- Original cover of Issue #1.

Publication information
- Publisher: Double Diamond Press
- Schedule: Irregular
- Format: Standard black-and-white
- Genre: Furry
- Publication date: May 26 1989 – September 1994
- No. of issues: 12

Creative team
- Created by: Martin Wagner

Collected editions
- The Collegiate Hepcats: ISBN 978-0963666017
- Snowblind, Part One: ISBN 9780963666024

= Hepcats =

American comic by Martin Wagner

Hepcats is a comic book series self-published in the 1990s by cartoonist Martin Wagner. It deals with the lives of four college students, rendered as anthropomorphic animals (humanoid bodies, but animal heads), and is inspired by Wagner's own college experiences.

== Publication history ==
The series began as a comic strip in The Daily Texan, the student newspaper of the University of Texas at Austin, in 1987. Each installment was typically four panels (but with frequent variation), usually with a comedic gag at the end, but with ongoing storylines.

In 1989, inspired by cartoonists such as Dave Sim who were successfully self-publishing their comics, Wagner began publishing Hepcats as a black-and-white comic book series, under his own Double Diamond Press imprint. In this format, the series took on the highly detailed pen-and-ink artwork that would become one of its distinguishing features. Wagner immediately began experimenting with page layouts, including turning the pages sideways, using a double-page spread for each layout for Issue #2. Issue #3 began what was intended to be an 18-part graphic novel entitled Snowblind. Critics have frequently cited Sim's Cerebus the Aardvark as an artistic influence on this material.

Though critically acclaimed, with a cult following, the series was not a financial success, and this led to an erratic publishing schedule that frustrated readers. In comments written later, in the summer of 1996, Wagner cited poor sales, his weak business skills, and his 1991 divorce as the causes of a financial "hole" he was struggling to get out of. Despite Wagner's increasing prominence as one of several acclaimed self-publishers of the period - along with Jeff Smith (Bone), Colleen Doran (A Distant Soil), James A. Owen (Starchild), and Sim (Cerebus) - the series stalled after Issue #12 in 1994. Collections of the Daily Texan strips and of the first volume of Snowblind were released, but Wagner said those sales were not enough to make continuation of the series financially viable.

In 1996 Wagner signed a deal with Antarctic Press to republish the series to date, along with new issues. Antarctic republished the original 12 issues from 1996 to 1998; a color "#0" issue was released to launch this reprint series, but it was the last new material published. Wagner claimed to have finished Issue #13, but in a 1999 interview in Beau Yarbrough's "Comics Wire" at Comic Book Resources, he stated that the "pitiful" advance orders for that issue had led him to look for another way to make a living. Shortly after the cancellation of these orders, however, Antarctic employee Matthew High stated that these orders were in line with the publisher's expectations and that Wagner had never turned in any art for #13. Wagner left the comics industry in 1998.

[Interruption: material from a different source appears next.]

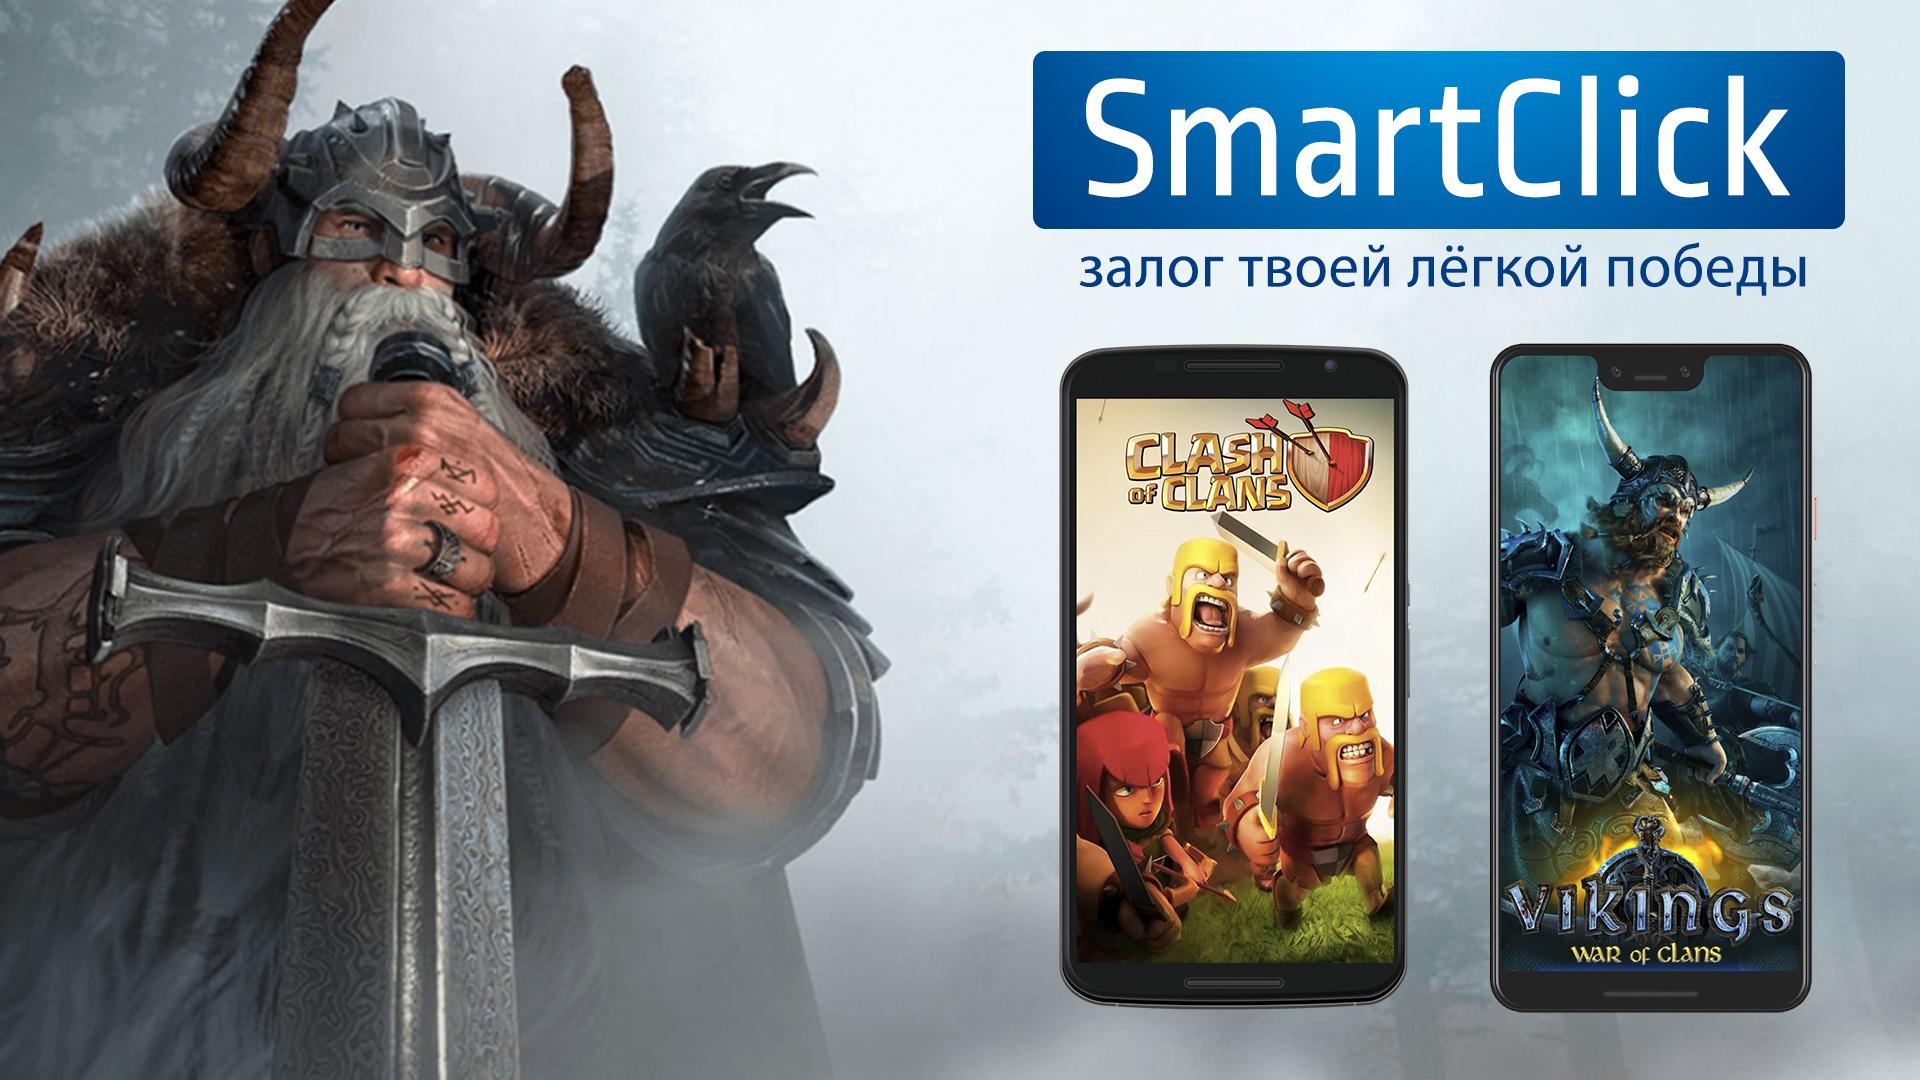 Разработка рекламного баннера мобильного приложения фото f_5115c06838799b33.jpg

In 2006, Wagner announced that he would be finishing the Snowblind storyline as a webcomic. By the end of 2010 he admitted to regretting that announcement, as he was busy with paying work and the series was not high on his leisure-time priorities list. In 2008, to tide fans over while waiting for Snowblind to appear, he began work on an 8-page mini-comic unrelated to the Snowblind storyline. The minicomic was also not completed, updates ceasing after page 5, also because of work commitments.

==Collected volumes==
- Yo: The First Hepcats Book (1988; collection of Daily Texan strips—cover spoofs sleeve of Peter Gabriel's album So)
- The Collegiate Hepcats (1993; complete collection of all Daily Texan strips, plus Hepcats #1 and some pre-Hepcats work from the University of Houston paper)
- Snowblind, Part One (1995; collecting Hepcats #3–10, first half of unfinished Snowblind graphic novel)

Not reprinted in any of these collections are #2 (the sideways issue, reprinted in a "Special Edition" in 1994), and Issues #11 (a 42-page story with a black on dark-gray cover, a dramatic turning point in the story) and #12 (the final issue to see print).